結論 特許第2713858号の請求項1に係る発明についての特許を無効とする。 審判費用は、被請求人の負担とする。 
理由 1.手続きの経緯
本件特許第2713858号の発明「月の投影器」は、平成5年11月24日に出願され、平成9年10月31日に特許権の設定の登録がなされ、その後、特許異議の申立てがなされ、訂正請求がなされ、訂正が認められ、維持決定がなされた。 これに対して、平成11年5月11日に香川県より特許無効の審判(平成11年審判第35218号)が請求され、平成11年7月6日に株式会社西村製作所より特許無効の審判(平成11年審判第35342号)が請求された。
当審は、口頭審理を行った後、平成11年8月22付けで、無効理由を通知したが、これに対し、被請求人から何ら応答がされなかった。
2.本件特許発明
「観察に十分な光量が得られる口径を有する大型天体望遠鏡の光束の取出口に、該大型天体望遠鏡とは反対側の端部である先端部が取出口よりも大径になっている筒形ハウジングを接続すると共に、該筒形ハウジングの先端部にスクリーンを設置し、取出口から導いた光束を前記スクリーンに拡大して投影可能としたことを特徴とする月の投影器。
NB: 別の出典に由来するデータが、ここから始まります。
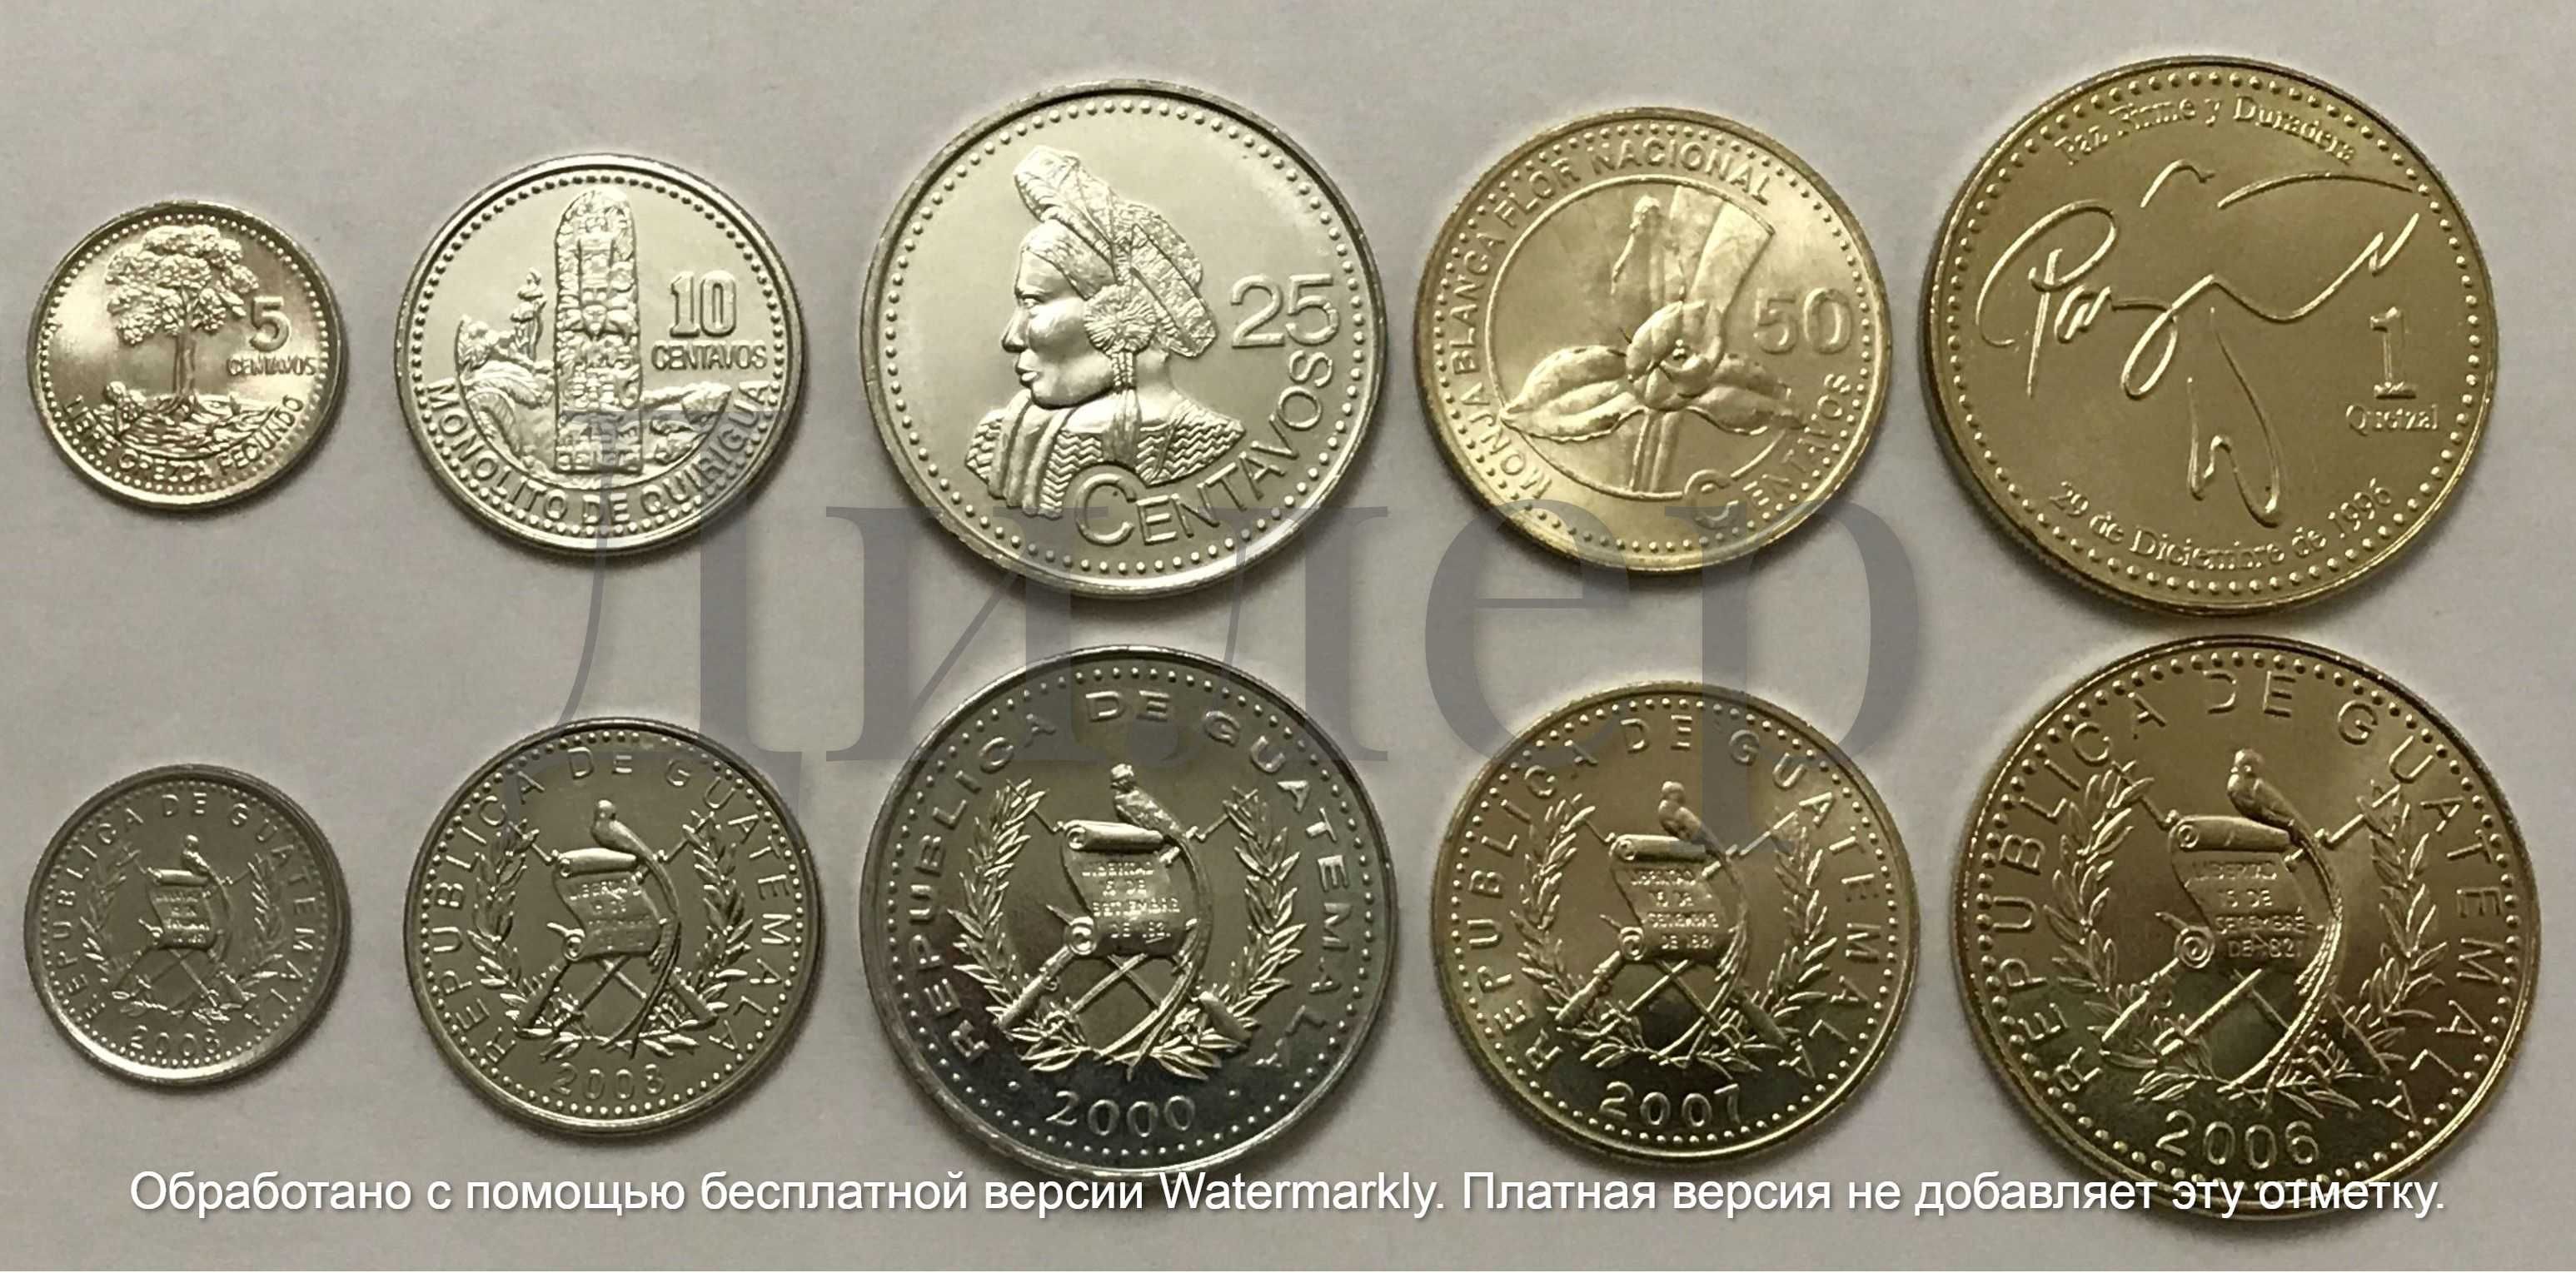 Наборы монет (Белиз, Гватемала, Сальвадор, Коста-Рика и др.) UNC

」
3.無効の請求の理由及び答弁についての概要
3.1 請求人香川県が主張する無効理由の概要
3.1.1 請求人香川県が、同請求人が提出した甲第1号証(「天体望遠鏡ガイドブック」 昭和40年7月31日第1版発行 株式会社誠文堂新光社 表紙 163〜165頁 210〜212頁 226〜229頁 奥付)、甲第2号証(「観察と撮影 図説月面ガイド」1988年12月10日第2刷発行 立風書房 表紙 目次 115頁 奥付)及び甲第3号証(「新訂天体写真マニュアル」平成4年5月30日新訂第1刷発行 株式会社地人書館 表紙 l17頁 奥付)に基づいて主張する無効理由の概要
本件特許発明は、特許後に訂正請求が認められており、訂正後の特許請求の範囲【請求項1】は、下記のとおりである。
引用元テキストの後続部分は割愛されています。